- Occupation: Chairman of Liverpool

= T. V. Williams =

Chairman of Liverpool

Thomas Valentine "T. V." Williams (14 February 1890—1976) was the Chairman of Liverpool F.C. from 1956 to 1964. He subsequently served as the first Life President of the club from 1964 to 1976. Williams had been a shareholder in Liverpool since 1918 and a director of the club since 1948. Williams was a cotton broker in his business career but retired with the closure of the Liverpool Cotton Exchange. Williams devoted his time to Liverpool F.C. after the Second World War rather than return to business.

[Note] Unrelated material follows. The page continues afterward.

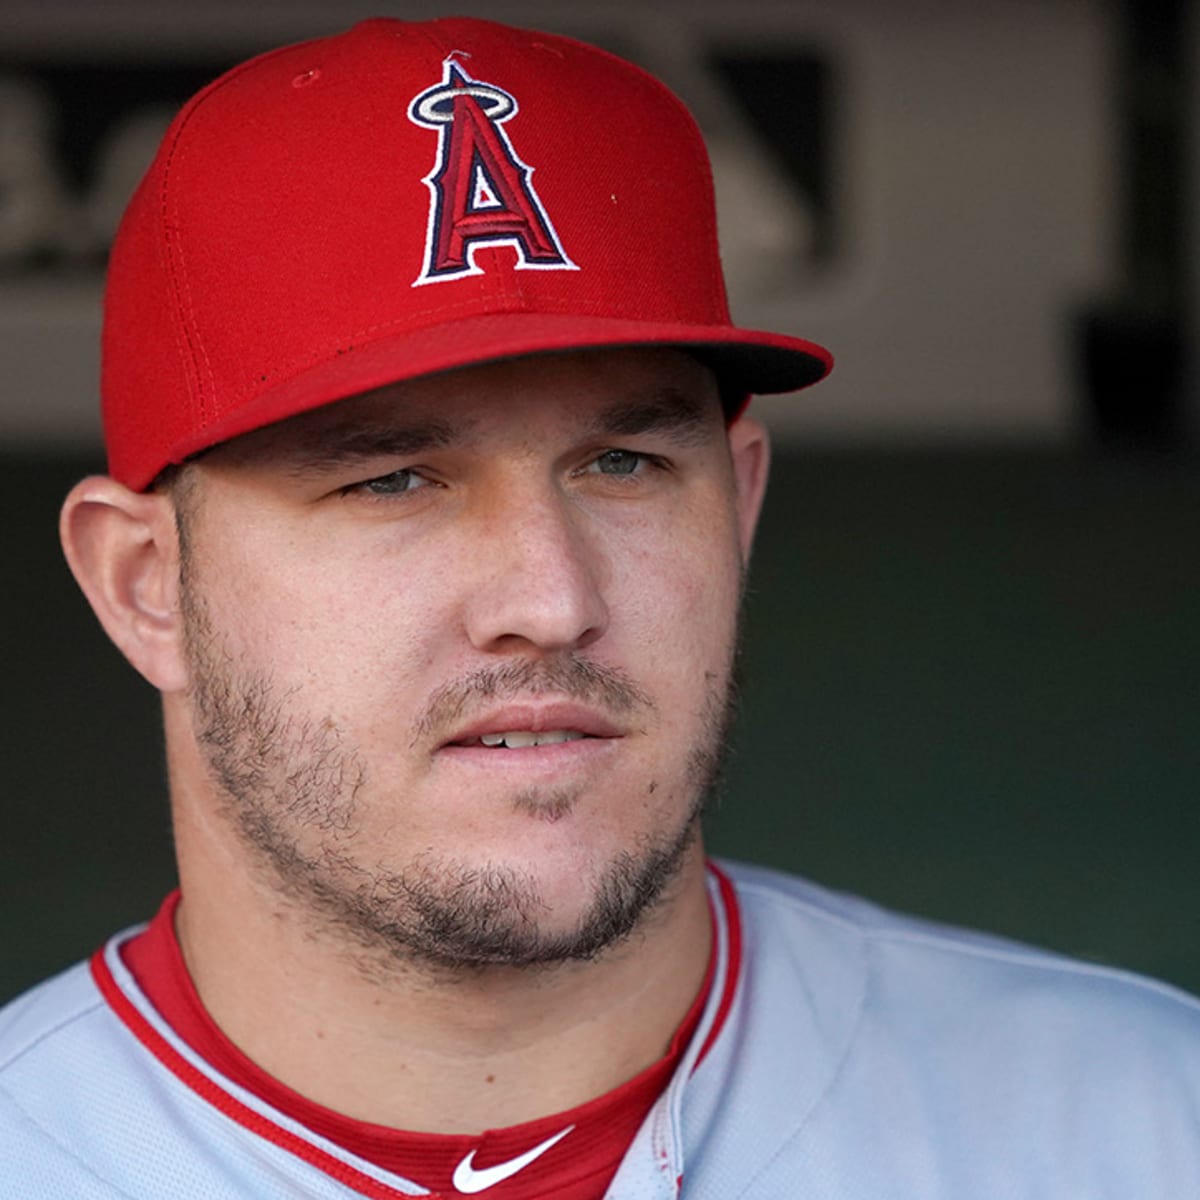 Mike Trout laments 'frustrating' injury plagued Angels season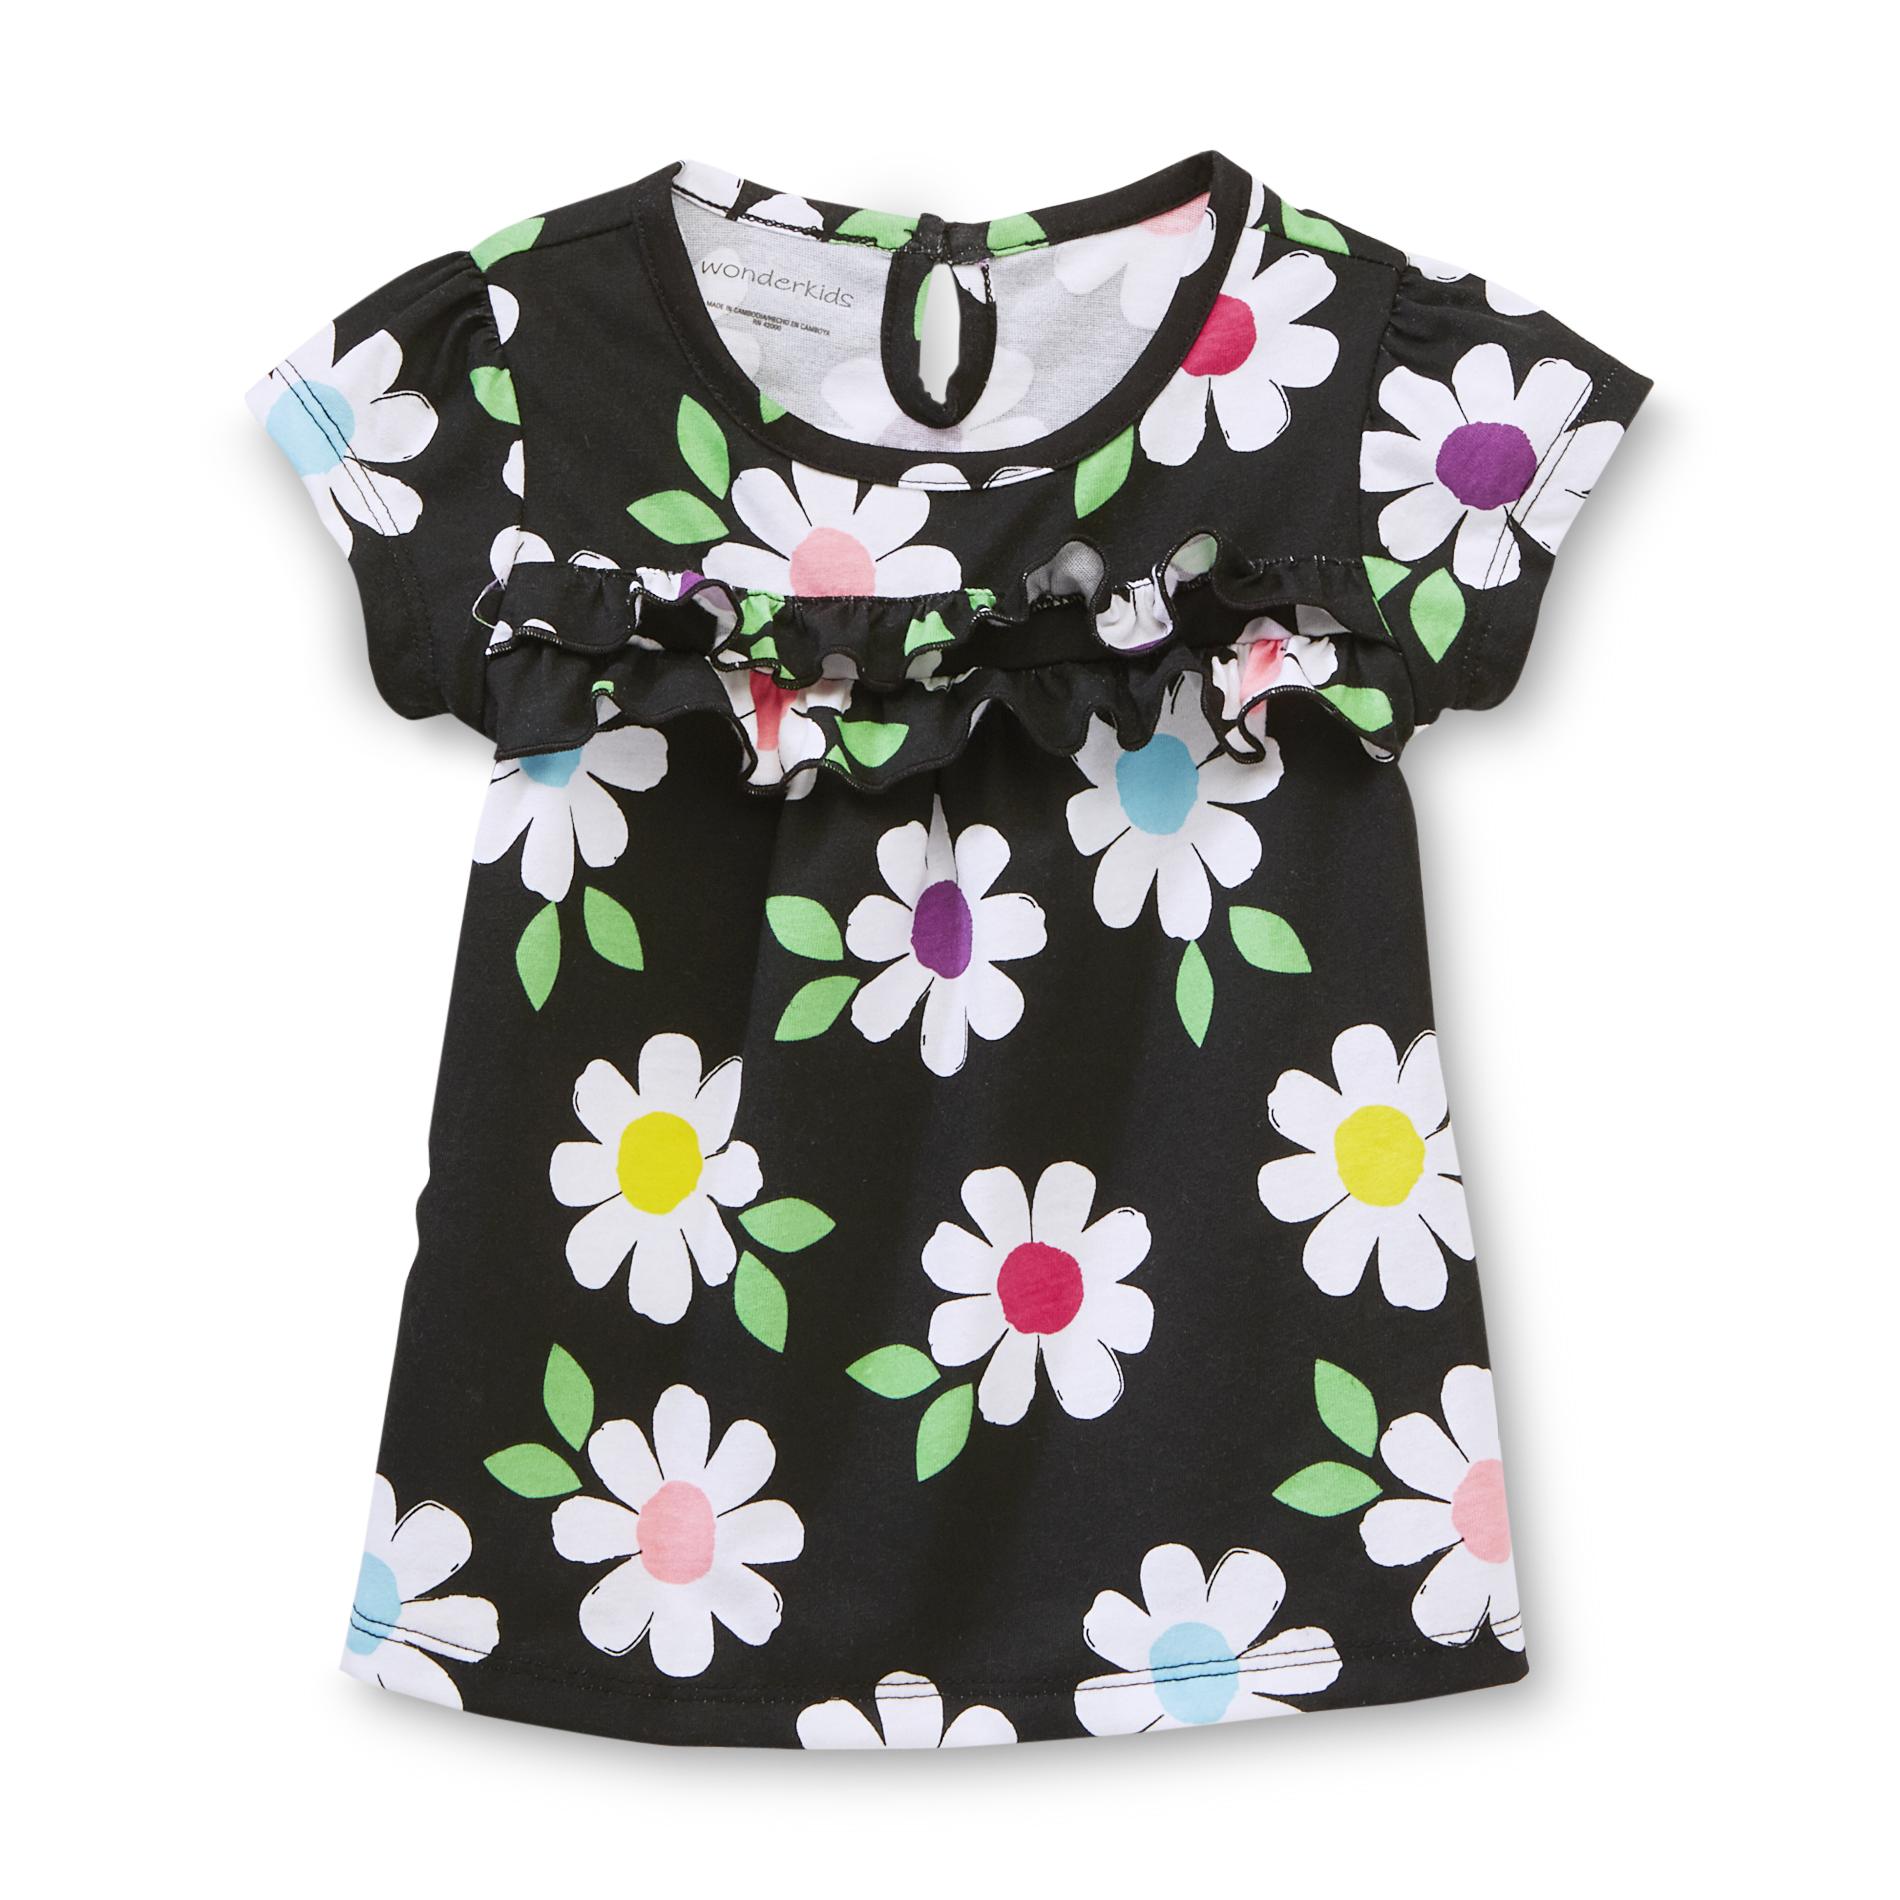 WonderKids Infant & Toddler Girl's Ruffle-Trim Tunic Top - Daisy Floral

Williams had first visited Anfield aged five with his father. Williams served on the FA Council and the FA International Committee. William's father and two of his uncles had been members of St. Domingo FC, which was subsequently renamed Everton, and his relatives joined Liverpool as a result of the split from Everton in 1892. Williams held 1000 shares in Liverpool F.C. and as the largest shareholder had considerable power over the appointment of directors.

Williams approached Bill Shankly, the manager of Huddersfield Town, to ask him if he would be like to manage the "best club in the country" to which he jocularly replied "Why, is Matt Busby packing up?" in reference to the Manchester United coach.

Williams also appointed Bob Paisley as the trainer of Liverpool Reserves in 1954.

Williams was a regular player of bridge with John Moores, the chairman of Everton F.C. Williams and Moores also played golf together at Formby Golf Club. Williams also served as the president of West Derby golf club

His funeral was held at Anfield Crematorium.